**Data in this exercise:**
┌──

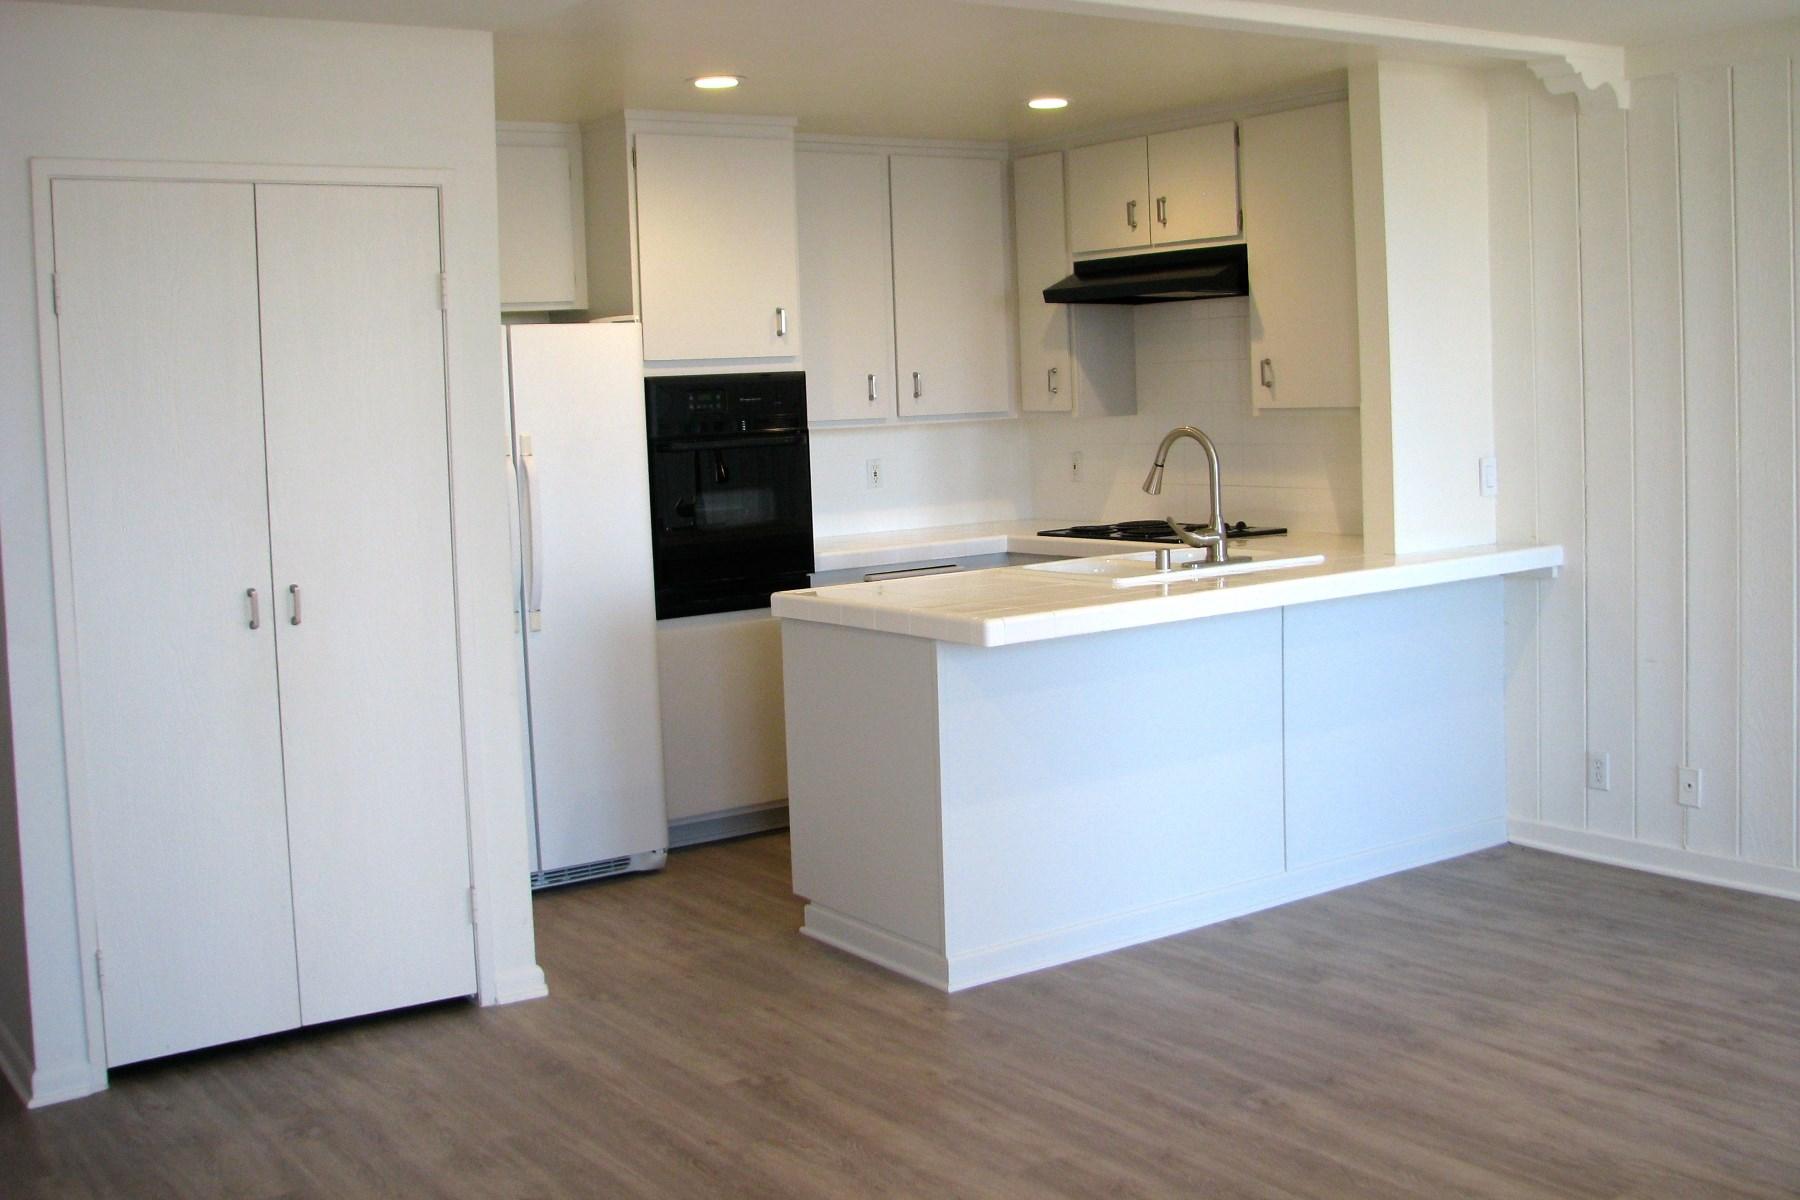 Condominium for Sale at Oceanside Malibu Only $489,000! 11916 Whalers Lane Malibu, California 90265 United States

└──
┌──

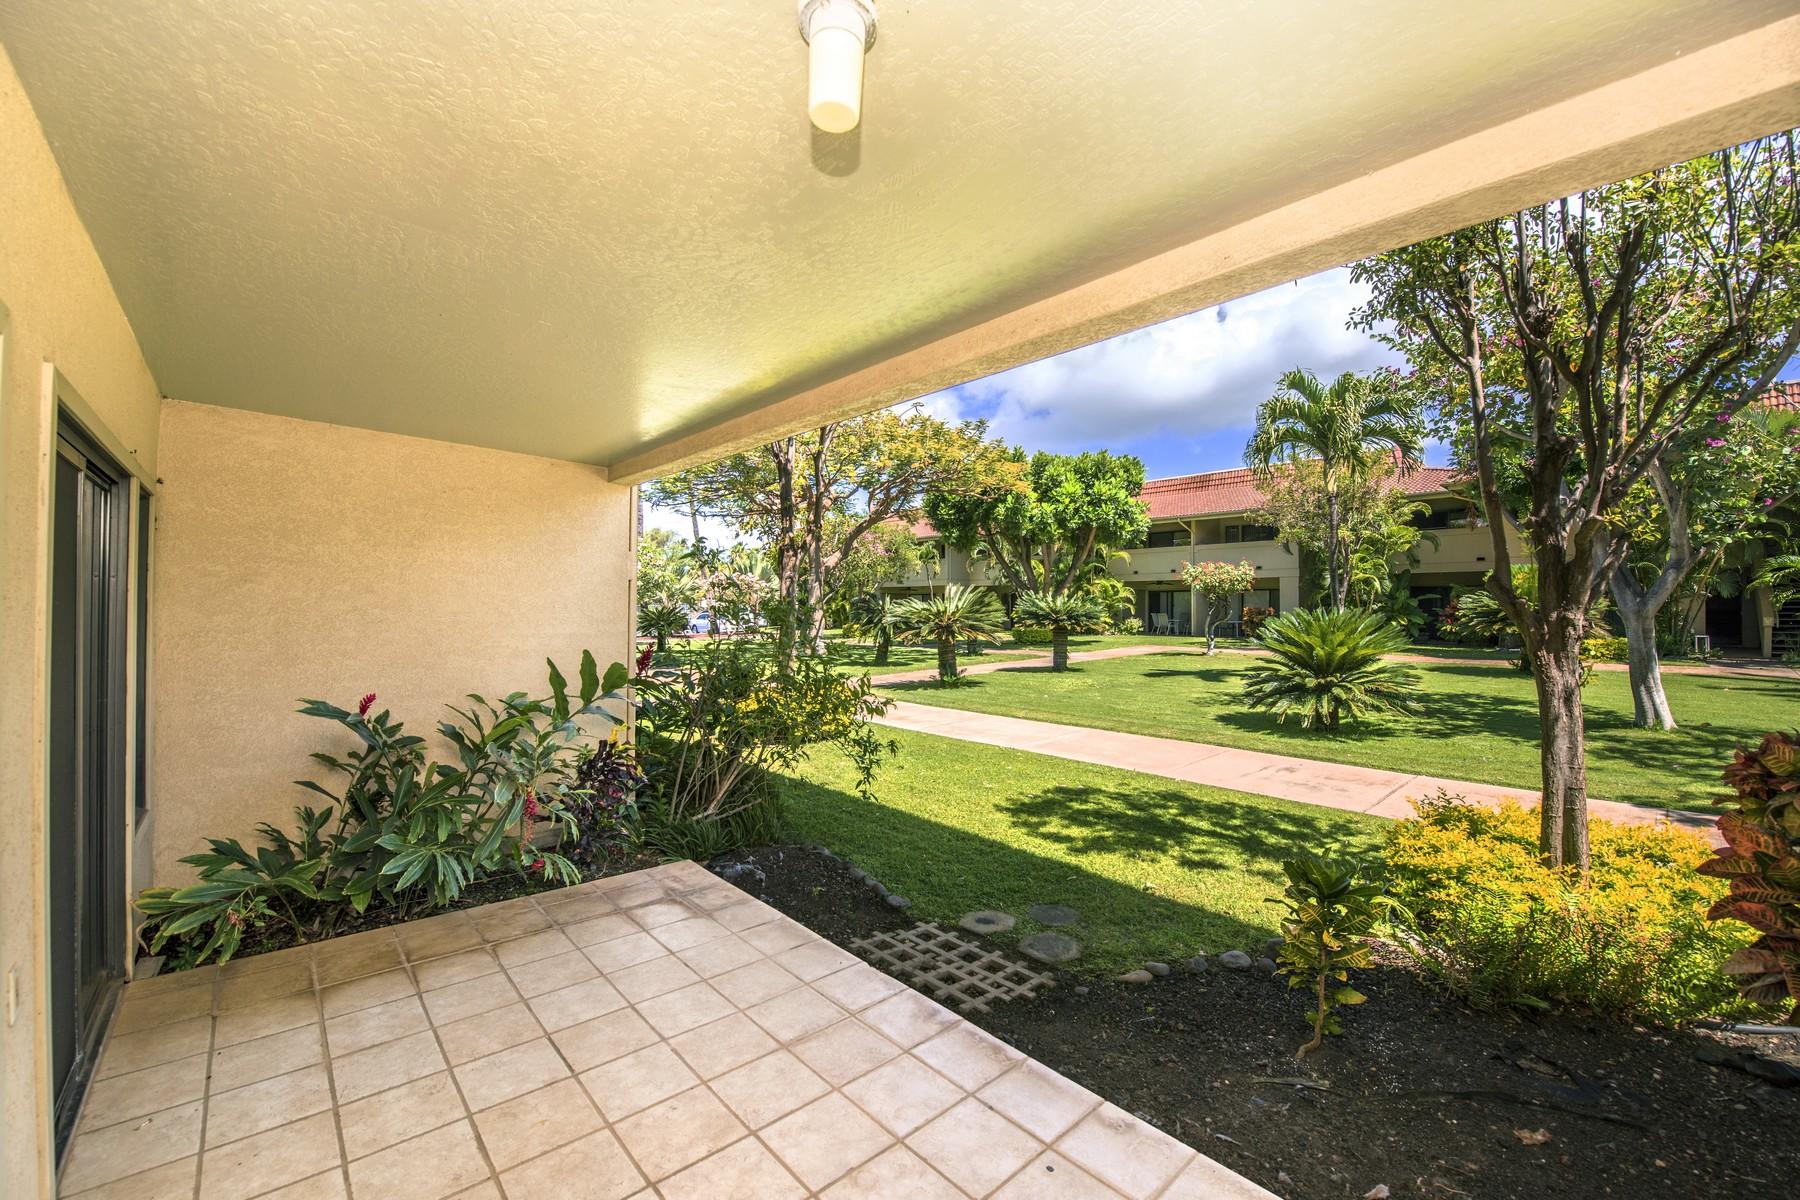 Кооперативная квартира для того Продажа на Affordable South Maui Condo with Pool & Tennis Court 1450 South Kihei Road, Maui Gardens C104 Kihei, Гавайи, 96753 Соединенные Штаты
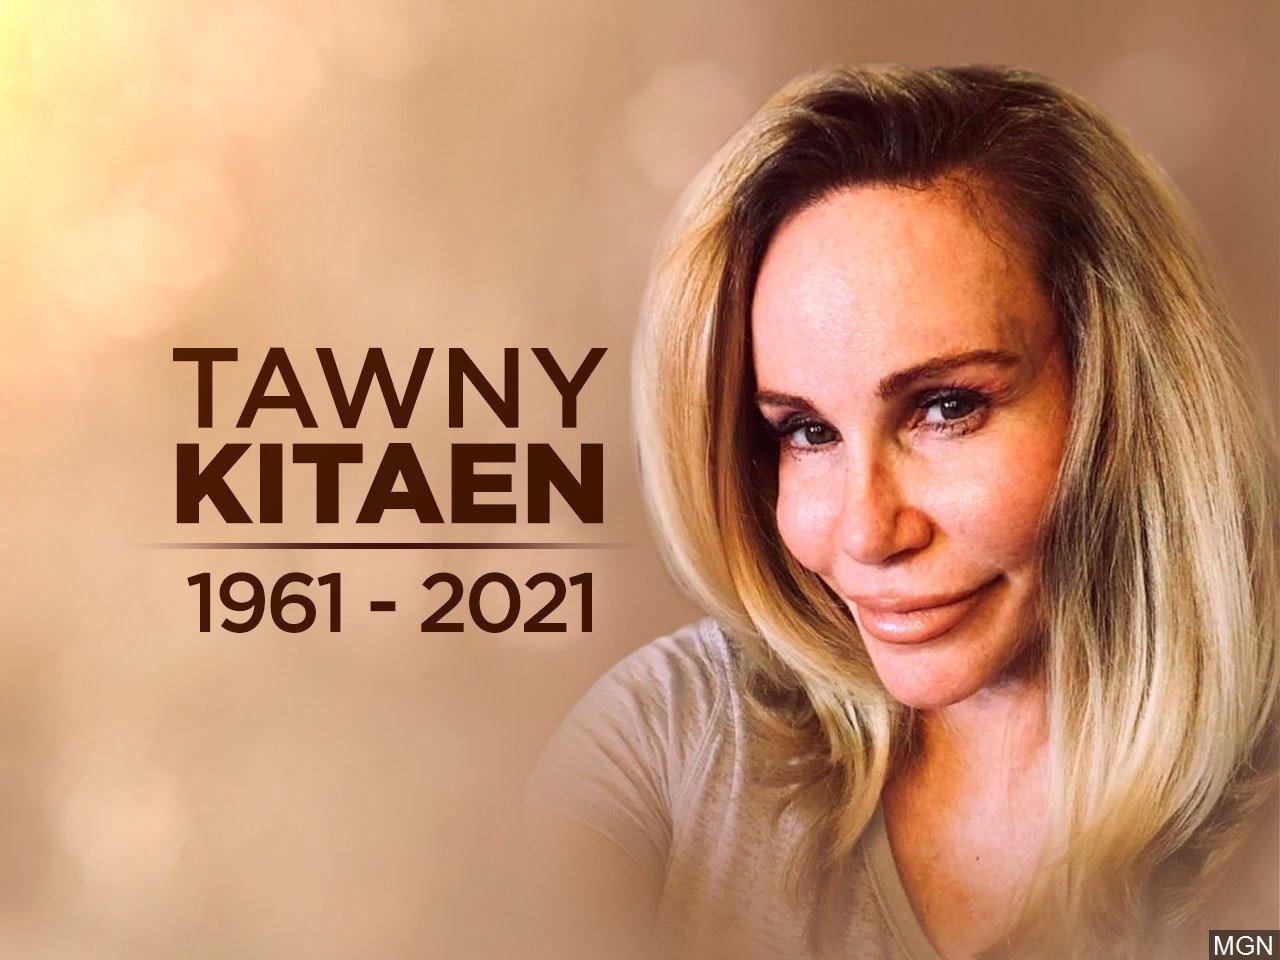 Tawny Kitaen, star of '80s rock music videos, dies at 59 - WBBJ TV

└──
┌──

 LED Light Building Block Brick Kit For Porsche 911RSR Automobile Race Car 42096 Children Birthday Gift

└──

**Action item:** Leaving each picture behind, please give again exactly the lines above from the one with "Кооперативная квартира для" through the one with "Tawny Kitaen, star", both included, and no others.

**Solved problem:**
 Кооперативная квартира для того Продажа на Affordable South Maui Condo with Pool & Tennis Court 1450 South Kihei Road, Maui Gardens C104 Kihei, Гавайи, 96753 Соединенные Штаты
 Tawny Kitaen, star of '80s rock music videos, dies at 59 - WBBJ TV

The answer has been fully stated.